Both types carry the same license. Both will show up in your search results when you type "best realtor in Coronado." The difference shows up in what they know — and what they don't.
I've been in San Diego real estate for 20 years, with over 250 transactions across the county under California DRE #01700423. That's enough time to know what separates an agent who understands a market from one who just works in it. Coronado has a short list of things an agent absolutely has to know to serve you well here, and if they can't speak to these without fumbling, that tells you something.
The Historic Resource Commission. Coronado has one of the more active historic preservation programs in San Diego County. Any property built before 1948 — and some built after — can be subject to HRC review before you renovate, add on, or demolish. The Mills Act can save property owners thousands in annual property taxes on historically designated homes, but it comes with binding maintenance obligations. A top Coronado agent should know whether the home you're looking at is on the historic register, what that means for your renovation plans, and how the Mills Act math works in your specific tax situation.
The Shores towers. Ten towers, ten separate HOAs, ten different financial pictures. Reserve studies, special assessment history, rental policies, and insurance coverage vary tower to tower. The difference in monthly HOA fees between two units at the same price point in two different towers can be $500 or more. Your agent should know which towers restrict short-term rentals, which ones have upcoming capital projects, and which ones have the strongest reserves. If they treat the Shores as one market instead of ten, they're missing the detail that affects your investment.
The Cays waterfront. Dock depth, seawall condition, HOA structure, and navigable access to the bay are all part of the value equation in the Cays. An agent selling waterfront here needs to understand what a buyer with a 40-foot sailboat needs versus a buyer with a center console — or no boat at all. The difference matters at the offer table.
The military market. Naval Air Station North Island sits at the north end of Coronado, and PCS-cycle turnover is a real factor in the island's real estate market. Military families relocating on compressed timelines need agents who understand VA loan appraisal requirements, PCS contingency clauses, and the reality of buying or selling a home in 30 to 60 days. The best Coronado agents don't just tolerate VA loans — they understand them well enough to get them closed without delays.
The bridge. It sounds simple, but the Coronado Bridge creates a self-contained market. There's one road in and one road out. Island agents see each other at Crown Bistro on a Tuesday morning and again at an open house on Saturday afternoon. Everyone knows who's listing what, who's got a buyer for it, and who's been sitting on a property for 90 days because they overpriced it. That small-town dynamic means reputation travels fast — and an agent's track record on the island is impossible to hide.

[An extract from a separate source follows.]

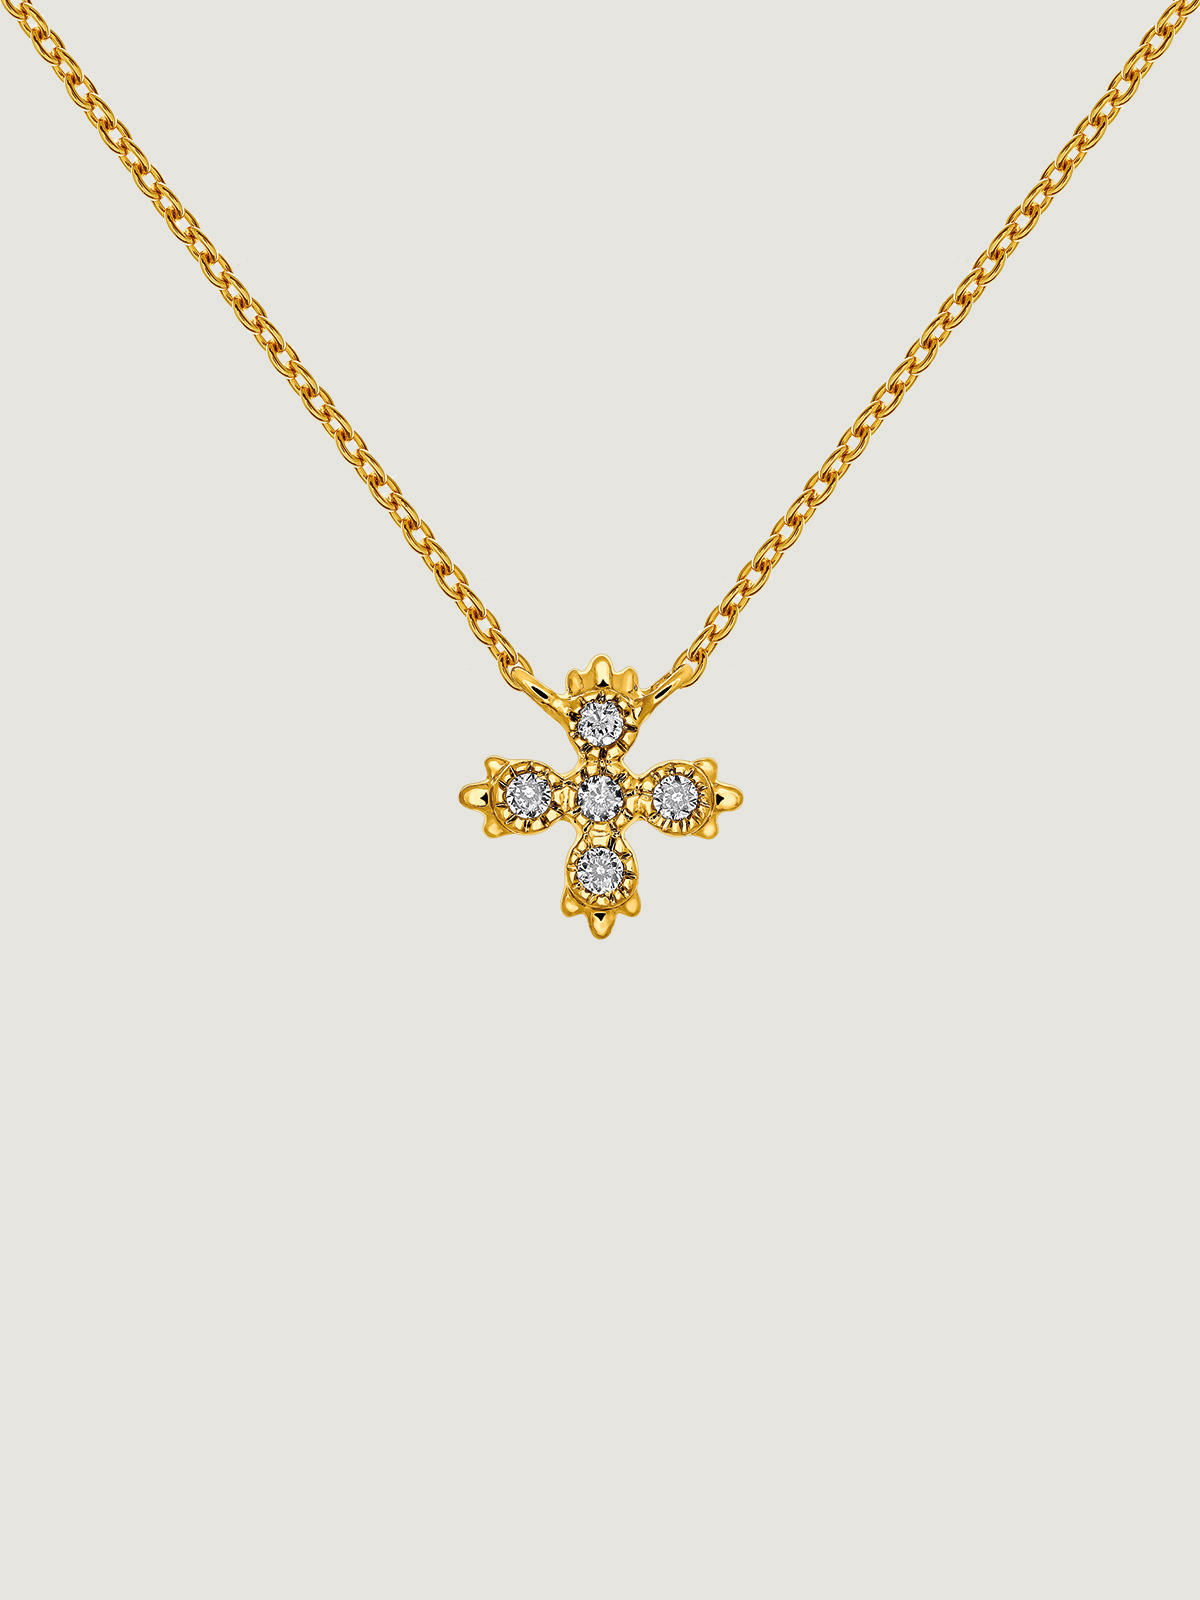 9K yellow gold pendant with diamond cross.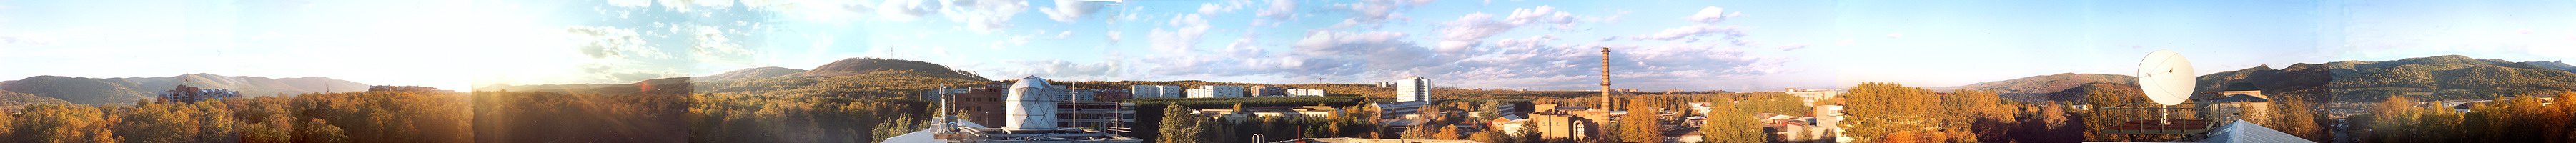 Панорама с крыши Корпуса экологии.jpg - 216kB

Coronado's median home price sits around $2.2 to $2.5 million depending on the source and the month, with average days on market stretching into the 80s — longer than most San Diego coastal neighborhoods. That longer market time is partly a function of price point. There are fewer buyers shopping above $2 million than there are at $750,000 in Pacific Beach or North Park, so inventory moves slower by design.
Total active listings on the island hover around 50 to 60 at any given time. In a market with that few options, pricing accuracy is everything. Overpricing by 5% in a 500-listing market means you get lost in the noise. Overpricing by 5% in a 50-listing market means every agent on the island knows you're the overpriced one, and that perception sticks. Price reductions on Coronado don't go unnoticed — they signal desperation to a buyer pool that already has limited choices and strong opinions.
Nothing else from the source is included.